(WHAT IS REQUIRED):
For the data below, transcribe the part that opens with the line containing "Nike Dunk Low USC - Image" and closes with the line containing "Effects of Shade", exactly and with no pictures.

(EXTRACTED INFORMATION):
* * * * *

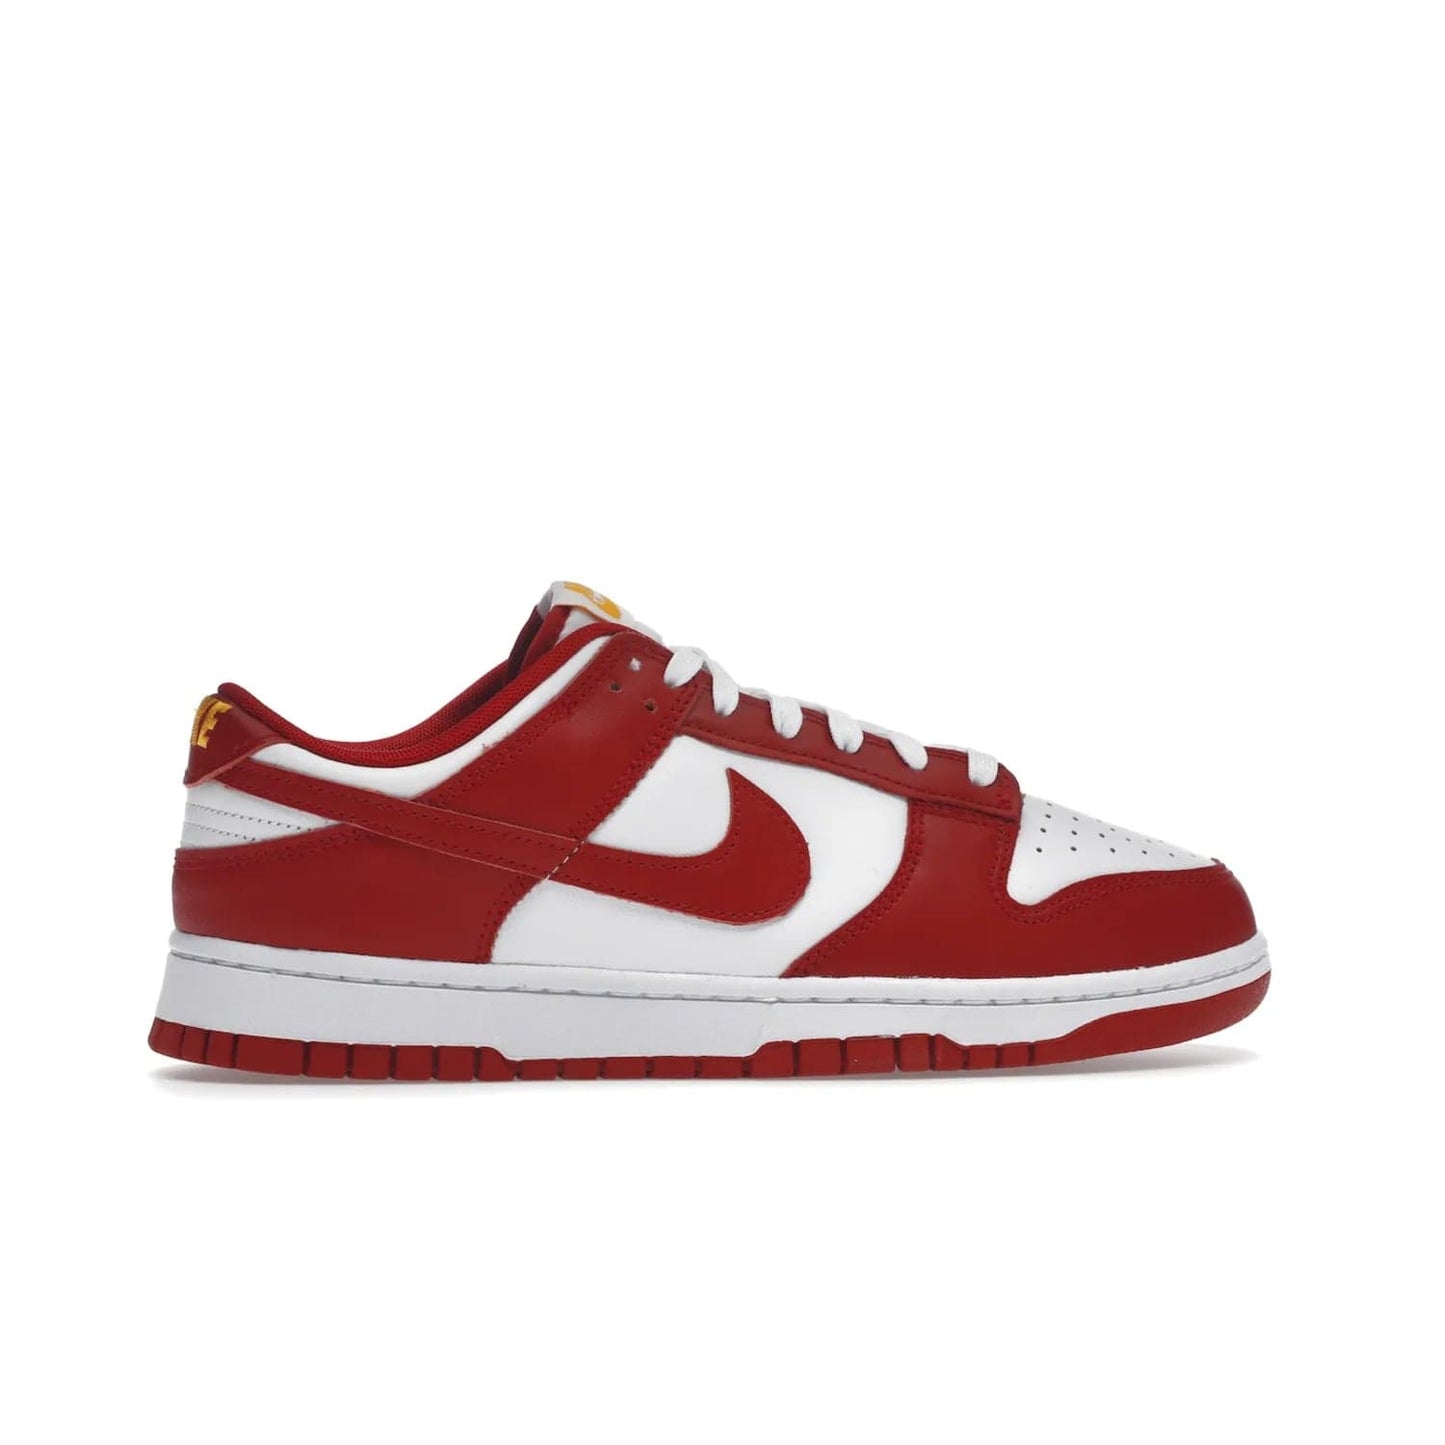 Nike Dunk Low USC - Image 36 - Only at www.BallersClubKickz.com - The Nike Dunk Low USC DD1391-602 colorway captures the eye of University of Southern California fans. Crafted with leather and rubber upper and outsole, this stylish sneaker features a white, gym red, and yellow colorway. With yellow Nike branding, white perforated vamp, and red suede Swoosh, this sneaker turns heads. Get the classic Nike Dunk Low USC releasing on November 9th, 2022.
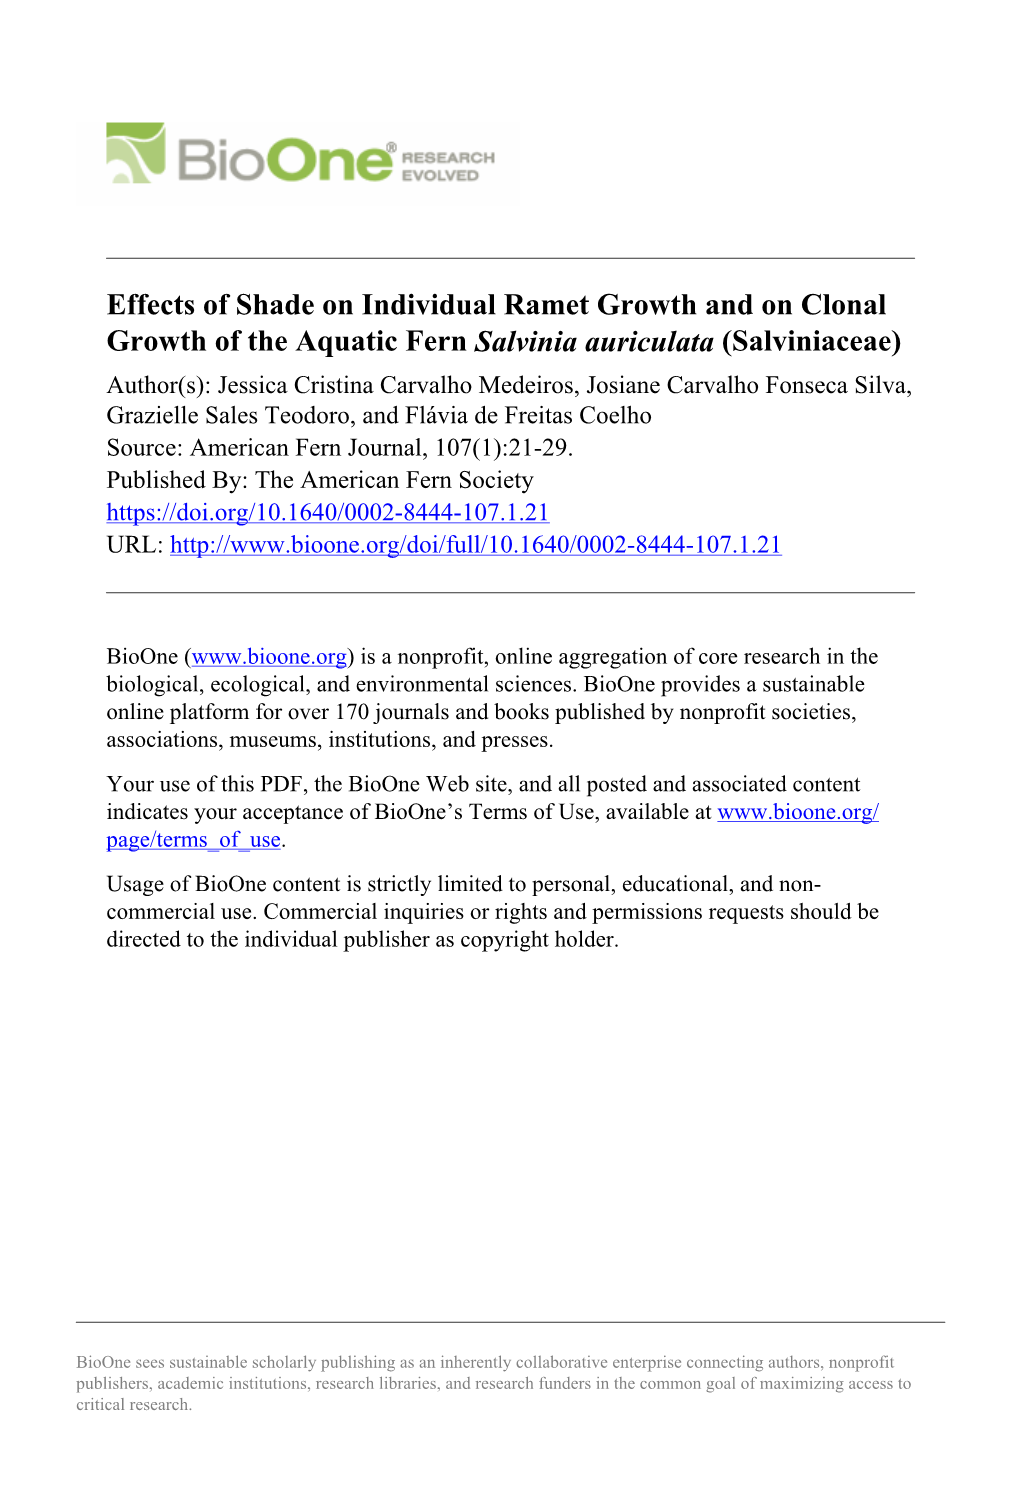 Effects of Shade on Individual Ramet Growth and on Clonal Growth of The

* * * * *

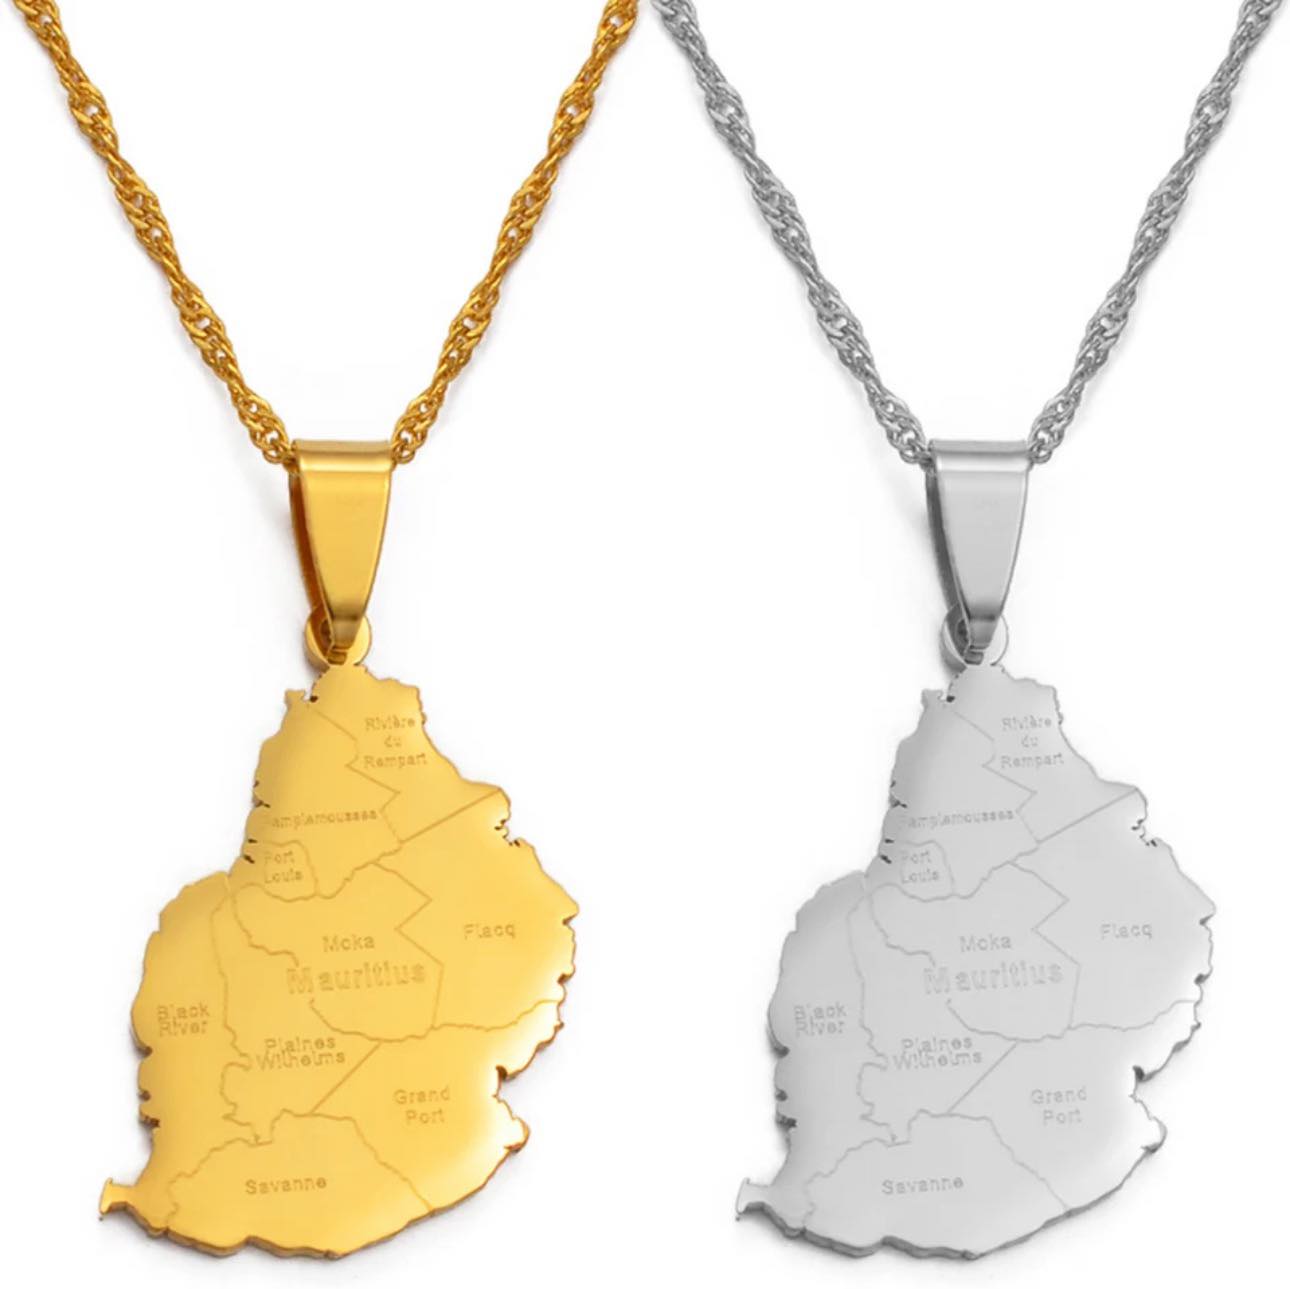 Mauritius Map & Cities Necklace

* * * * *

(TASK OUTPUT):
 Nike Dunk Low USC - Image 36 - Only at www.BallersClubKickz.com - The Nike Dunk Low USC DD1391-602 colorway captures the eye of University of Southern California fans. Crafted with leather and rubber upper and outsole, this stylish sneaker features a white, gym red, and yellow colorway. With yellow Nike branding, white perforated vamp, and red suede Swoosh, this sneaker turns heads. Get the classic Nike Dunk Low USC releasing on November 9th, 2022.
 Effects of Shade on Individual Ramet Growth and on Clonal Growth of The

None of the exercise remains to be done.